We have an LLC and were planning on having it taxed as a partnership to avoid any potential double taxation issues, but my partner and I would prefer to get some w-2 wages for income verification purposes down the line. If we elect S-Corp status, now for 2011, do we have any double taxation issues to be concerned about? Assume salaries of $90k each and LLC profit AFTER these wages of $150k resulting in k-1 distribution so f$75k each. On other side note, we have a third member in the LLC that receives revenue sharing with th resulting profits divided equally by me and the other partner. Does this allocation disallow us from having the S-Corp election?

68 Aaron Hall, Minnesota Lawyer March 8, 2011 at 2:25 pm

Tim:

Electing S-Corp status does not create a double-taxation issue because an S Corp is not taxed twice (like a C corp). Like a partnership, an S Corp is a pass-through entity.

Regarding your other issues, I recommend meeting with an attorney or CPA. I’m not exactly sure what you are asking. However, even if you are allowed to do what you are asking, it may not be the best option. Your business is large enough that you should spend the money to have professionals (attorney and CPA) working with you to avoid unnecessary taxes and liability.

Aaron

69 jacky March 10, 2011 at 7:30 pm

Hi, I started an llc in mid dec 2009 and elected s-corp status in the begining of 2010. I didn’t actually open the biz until nov 2010 and didn’t actually have any revenue until mid december.
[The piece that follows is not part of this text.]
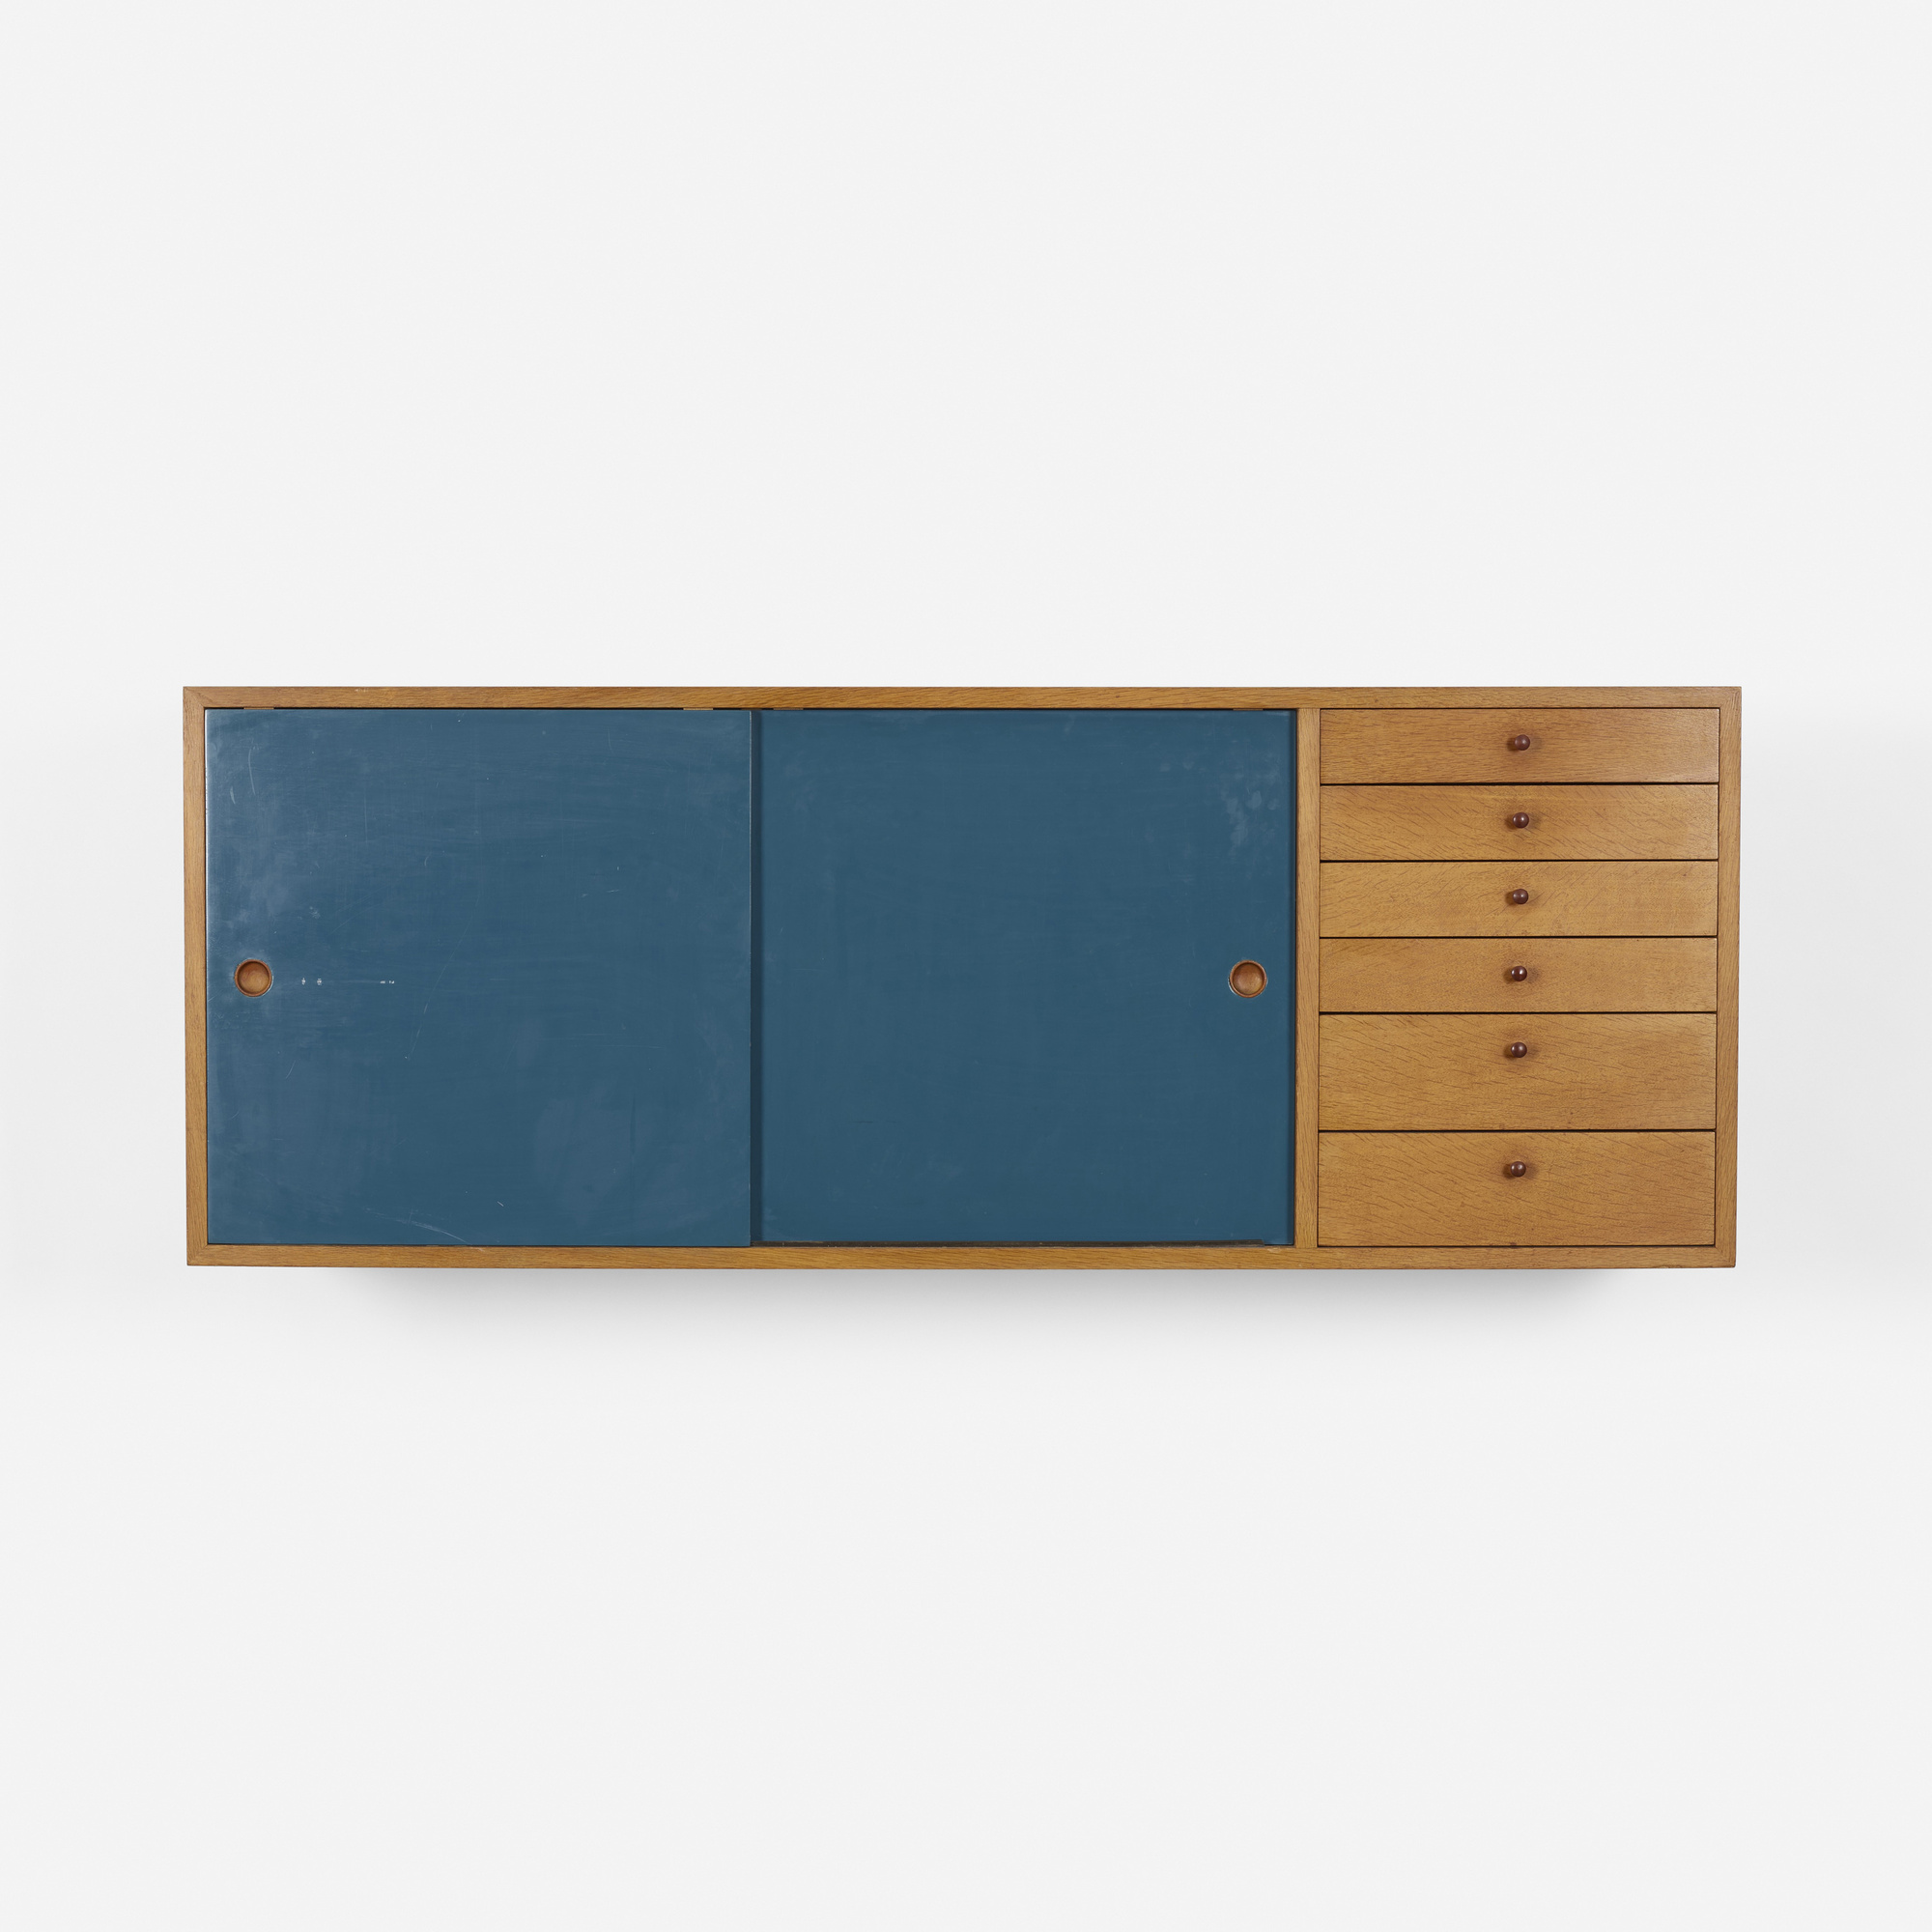 263: Arne Vodder / wall-mounted cabinet (2 of 3)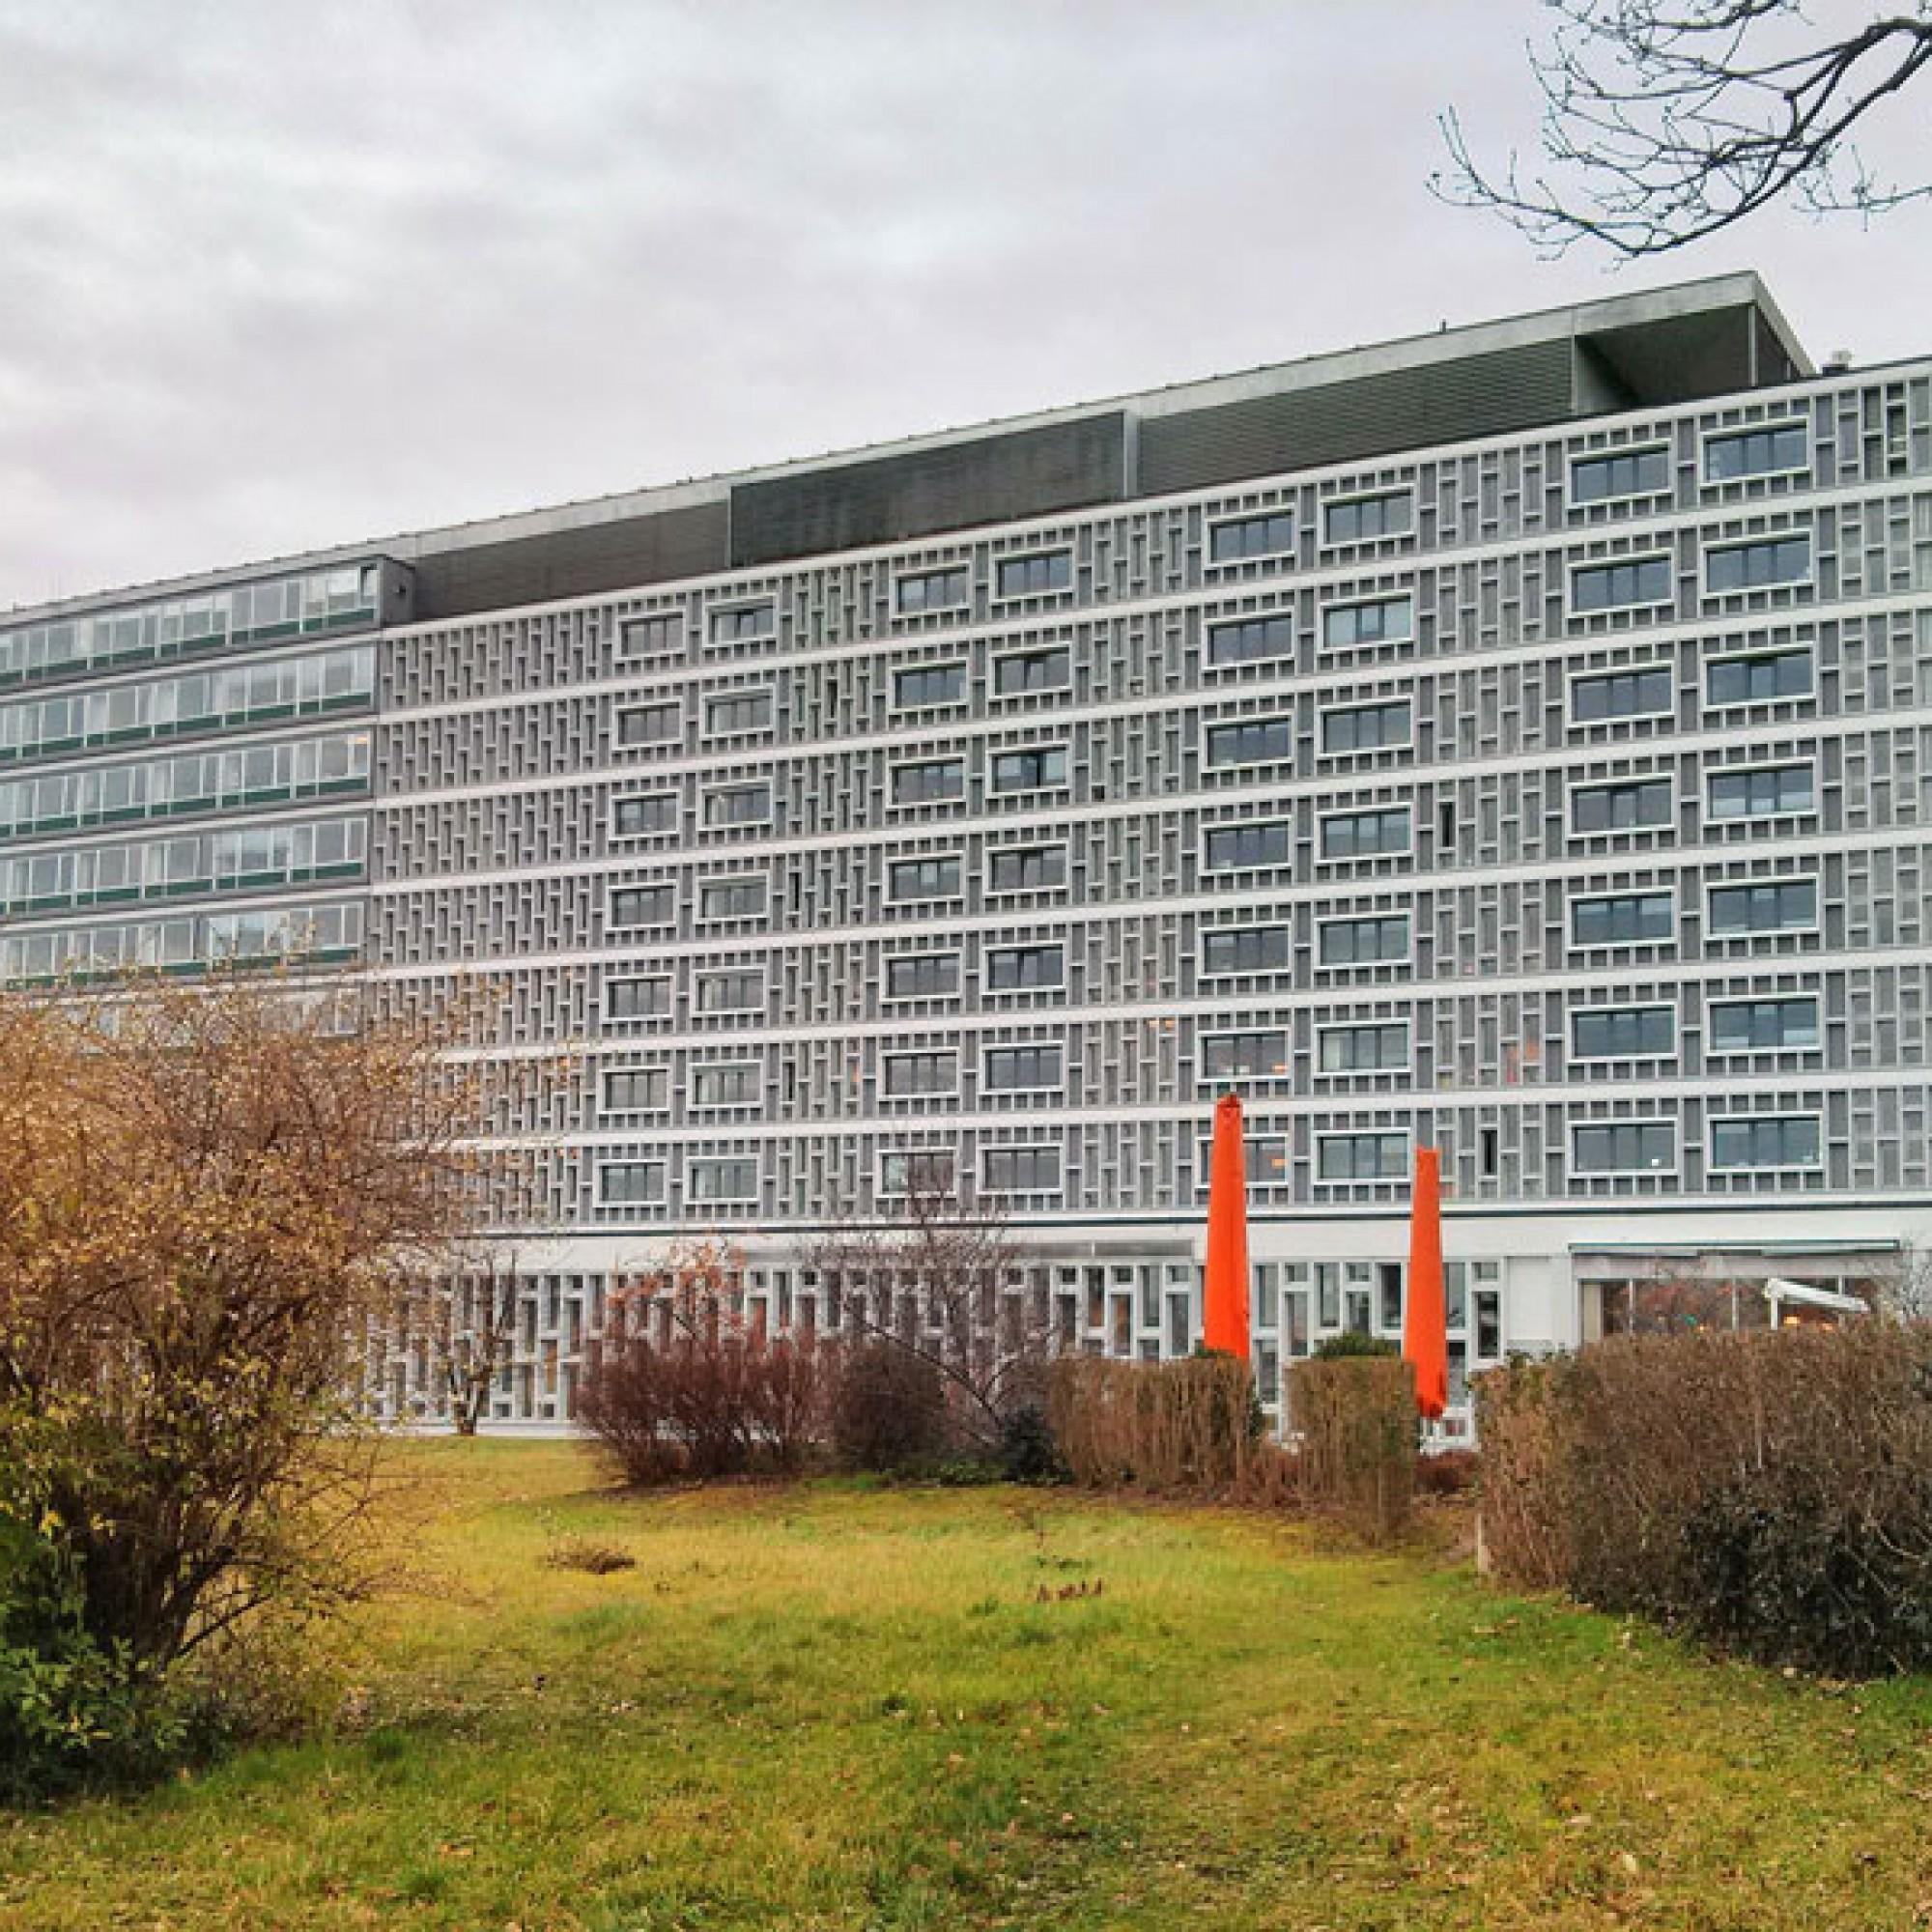 Das Felix-Platter-Spital in Basel soll in einen Wohnkomplex umgewandelt werden (pppspics, flickr, CC)

I did not realize how complicated the taxes etc. would be compared to an llc and would like to revert back to an llc. I looked on several forums and sites online and the majority say that you can’t go back to being an llc. If you submit a new 8832 form you will now become a corp not a llc. Also can I even do that because on the form it states i have to wait 5 yrs, would that apply in my situation?
Thanks

70 Aaron Hall, Minnesota Lawyer March 11, 2011 at 9:50 am

Jacky:

As you know, the general rule is that you must wait five years. This is called the 60-month limitation rule. Under the 60-month limitation rule, once a business elects to be taxed as an S Corp, the business generally cannot change its classification by election again during the 60 months after the effective date of the election. However, the IRS may (by private letter ruling) permit the business to change its classification by election within the 60-month period if more than 50% of the ownership interests in the entity as of the effective date of the election are owned by persons that did not own any interests in the entity on the effective date of the entity’s prior election. See IRS Regulations section 301.7701-3(c)(1)(iv) for more details. Please note that the 60-month limitation does not apply if the previous election was made by a newly formed eligible entity and was effective on the date of formation.

For your specific situation, I recommend that you consult with a CPA in your state who is knowledgeable in this area.

Aaron

71 aram March 12, 2011 at 8:32 pm

I have a client in CA who registered as LLC and then he applied to IRS and was qualified for filing as S corp. What form do i have to file for CA? 100S or 568? The SS website appreas to be LLC.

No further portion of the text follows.